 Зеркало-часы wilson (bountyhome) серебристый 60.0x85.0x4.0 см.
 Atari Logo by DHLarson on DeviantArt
········
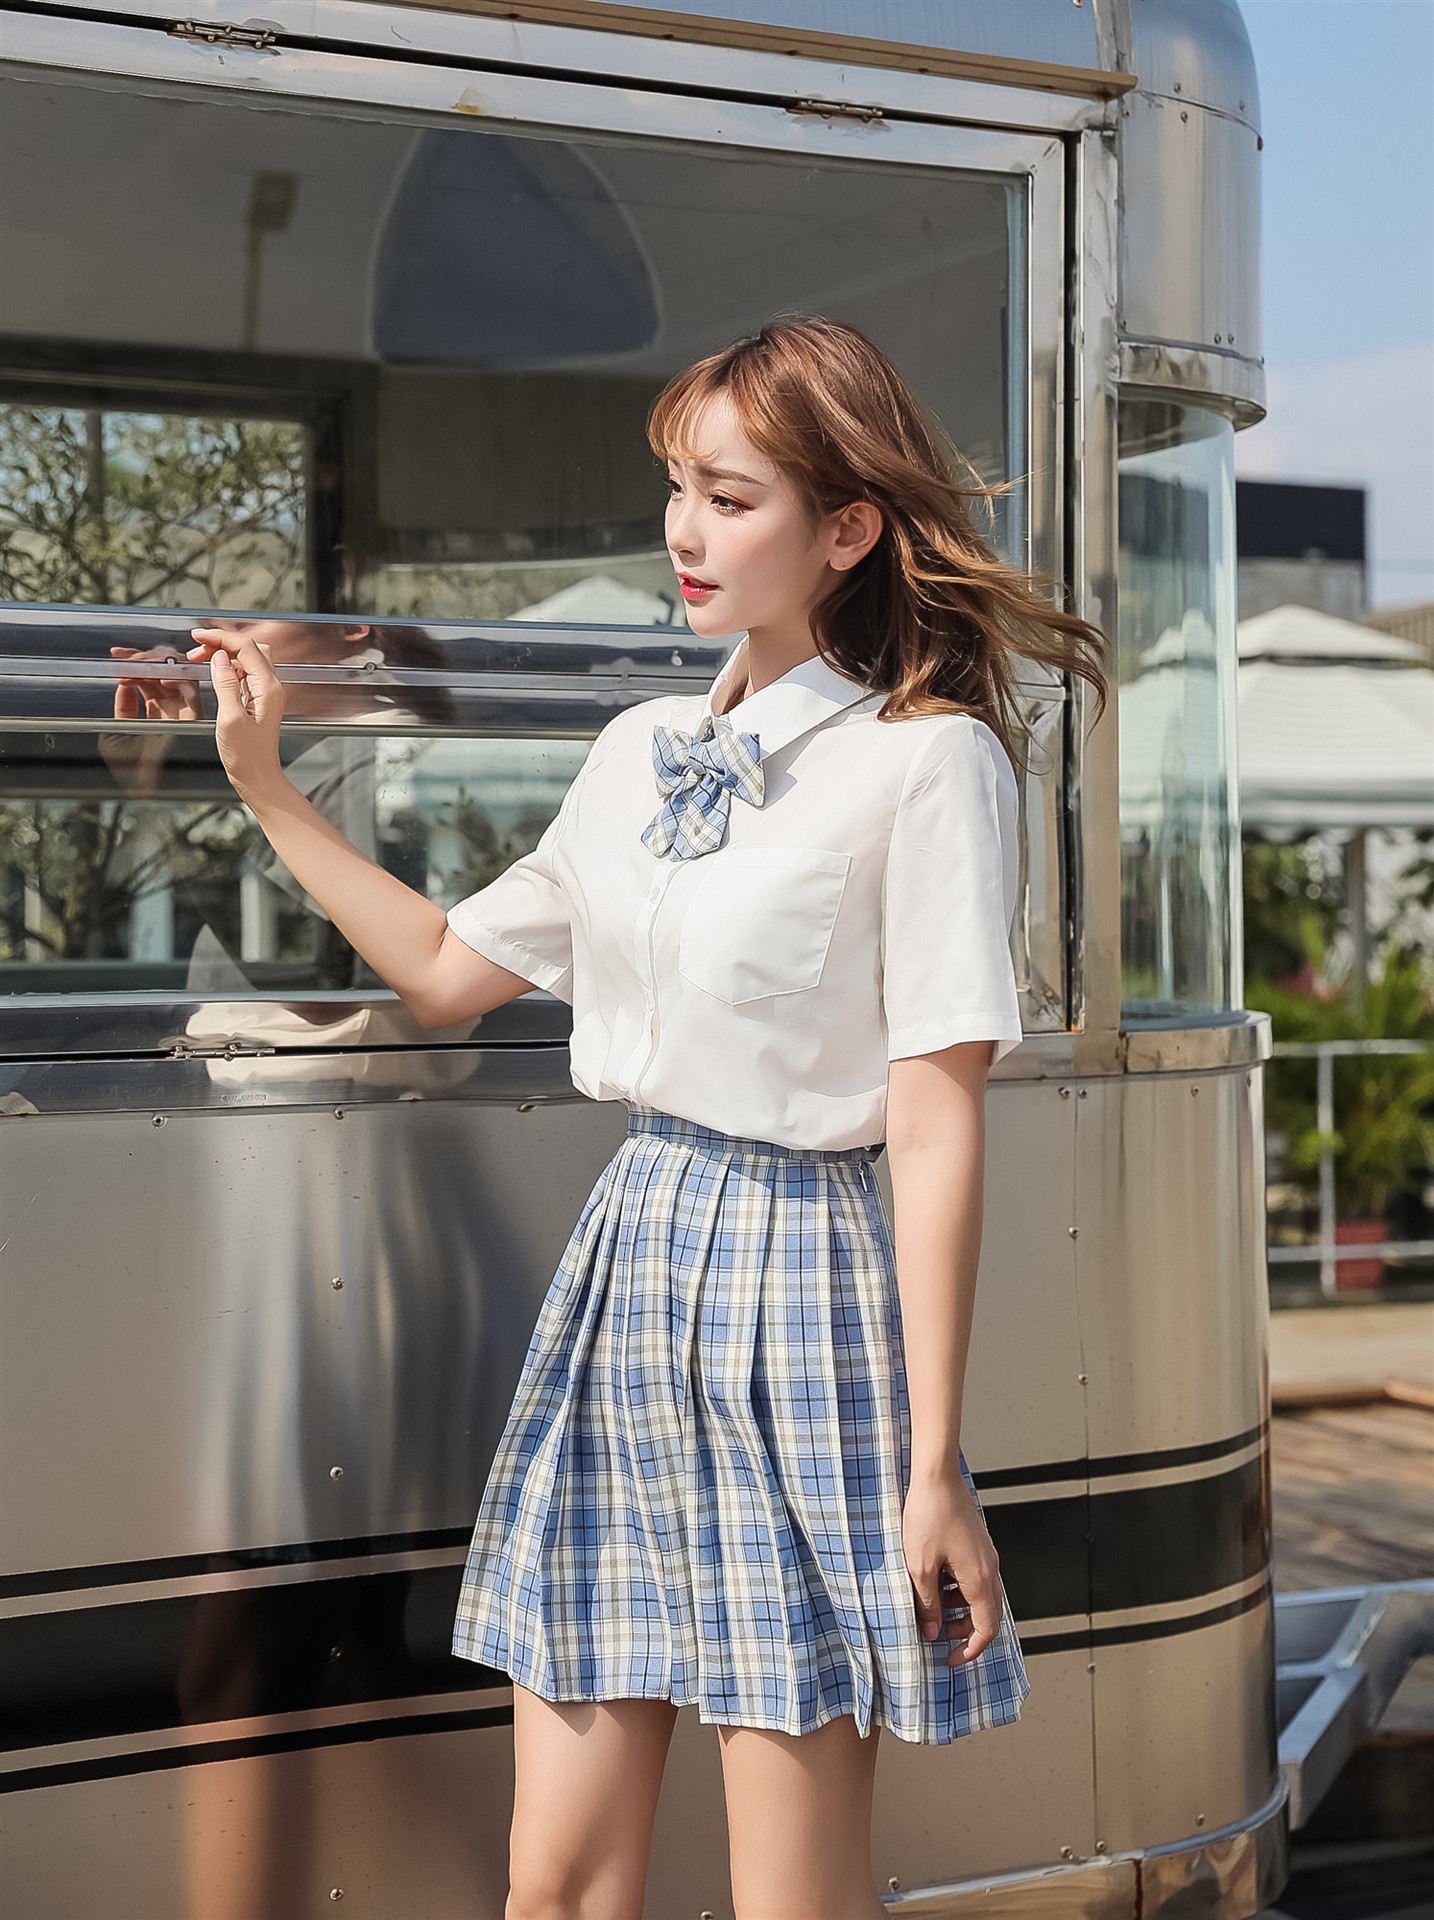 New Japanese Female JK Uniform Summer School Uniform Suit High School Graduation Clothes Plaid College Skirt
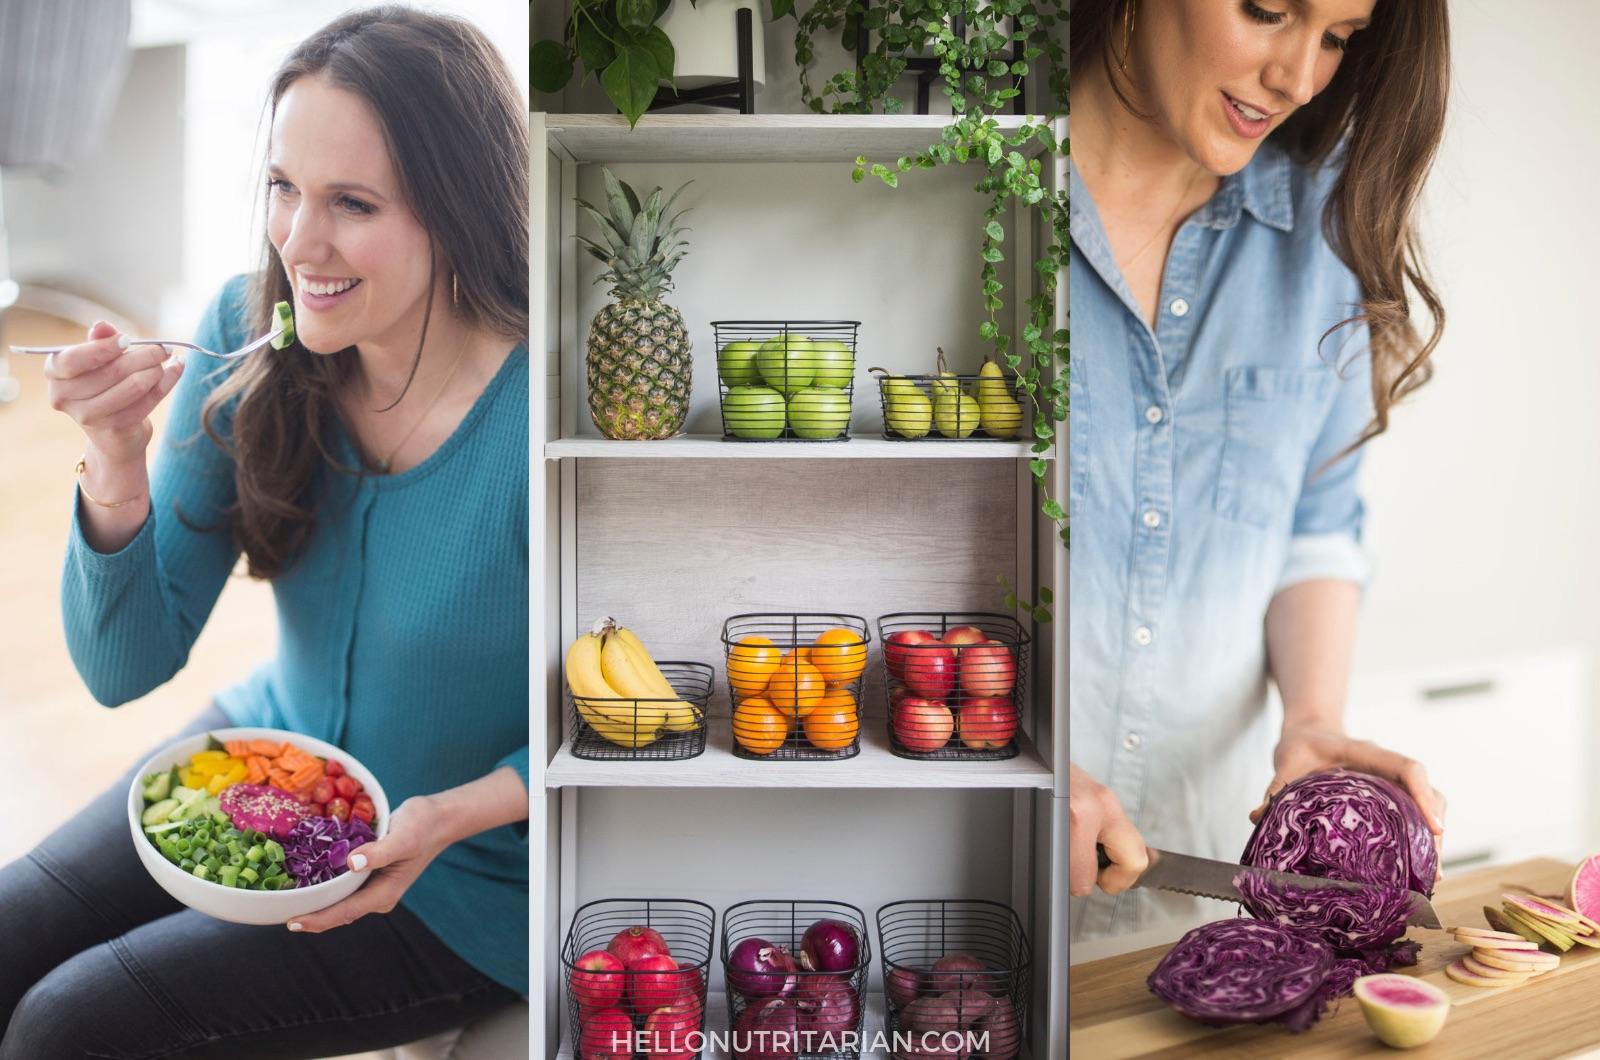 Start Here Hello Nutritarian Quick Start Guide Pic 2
········
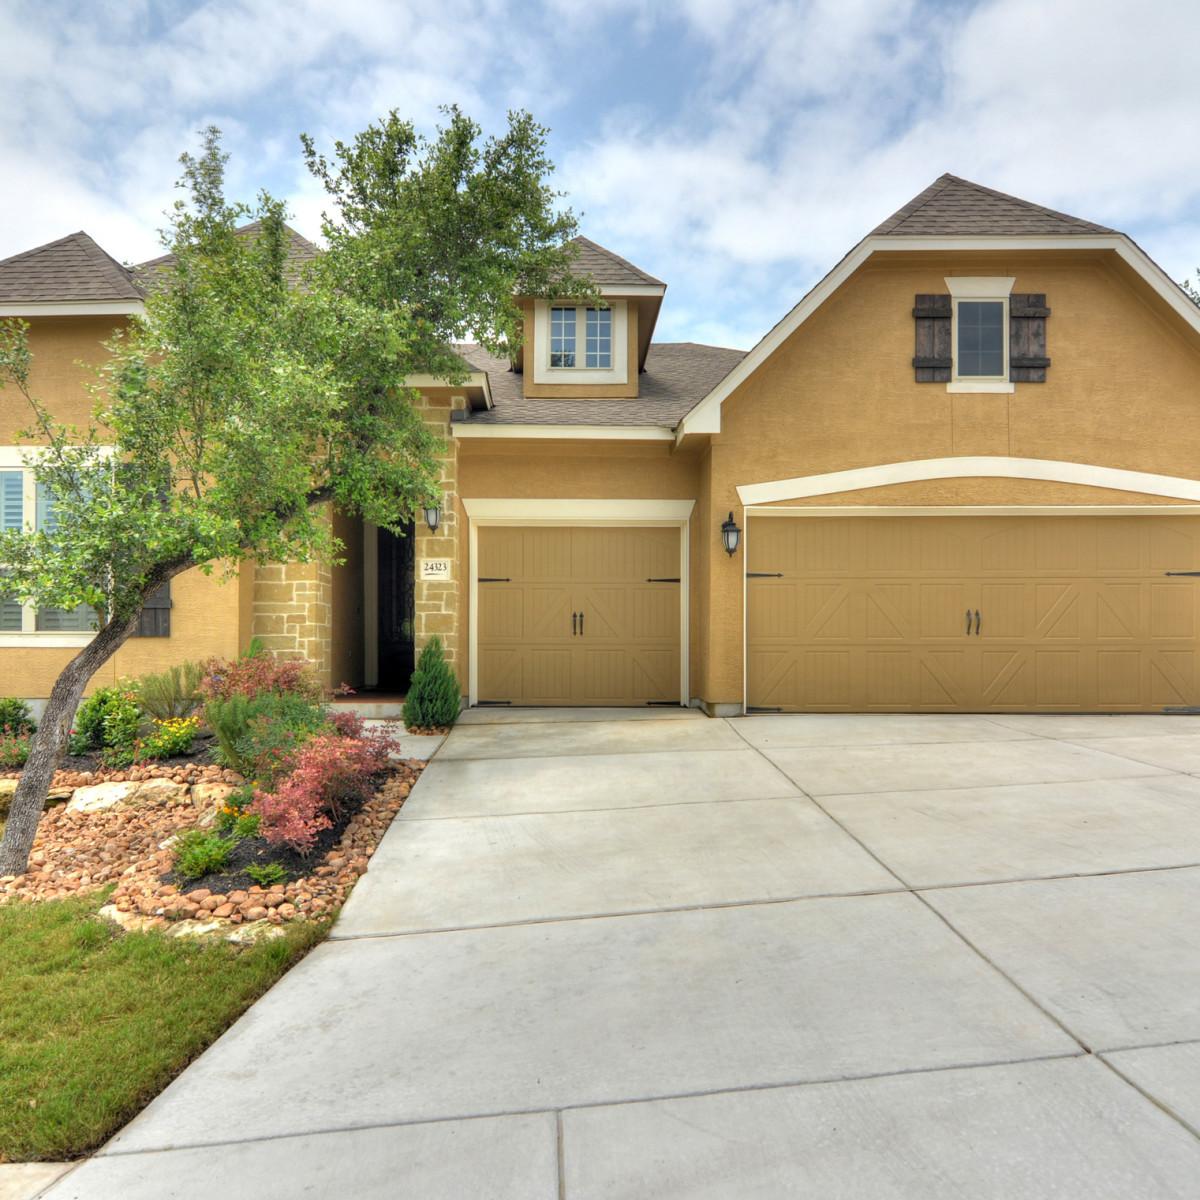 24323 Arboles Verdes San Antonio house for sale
········
● Task directions
Above this instruction are the records; retype exactly the lines from the one containing "Зеркало-часы wilson (bountyhome)" up to and including the one containing "Atari Logo by DHLarson on DeviantArt".

● Answer section
 Зеркало-часы wilson (bountyhome) серебристый 60.0x85.0x4.0 см.
 Atari Logo by DHLarson on DeviantArt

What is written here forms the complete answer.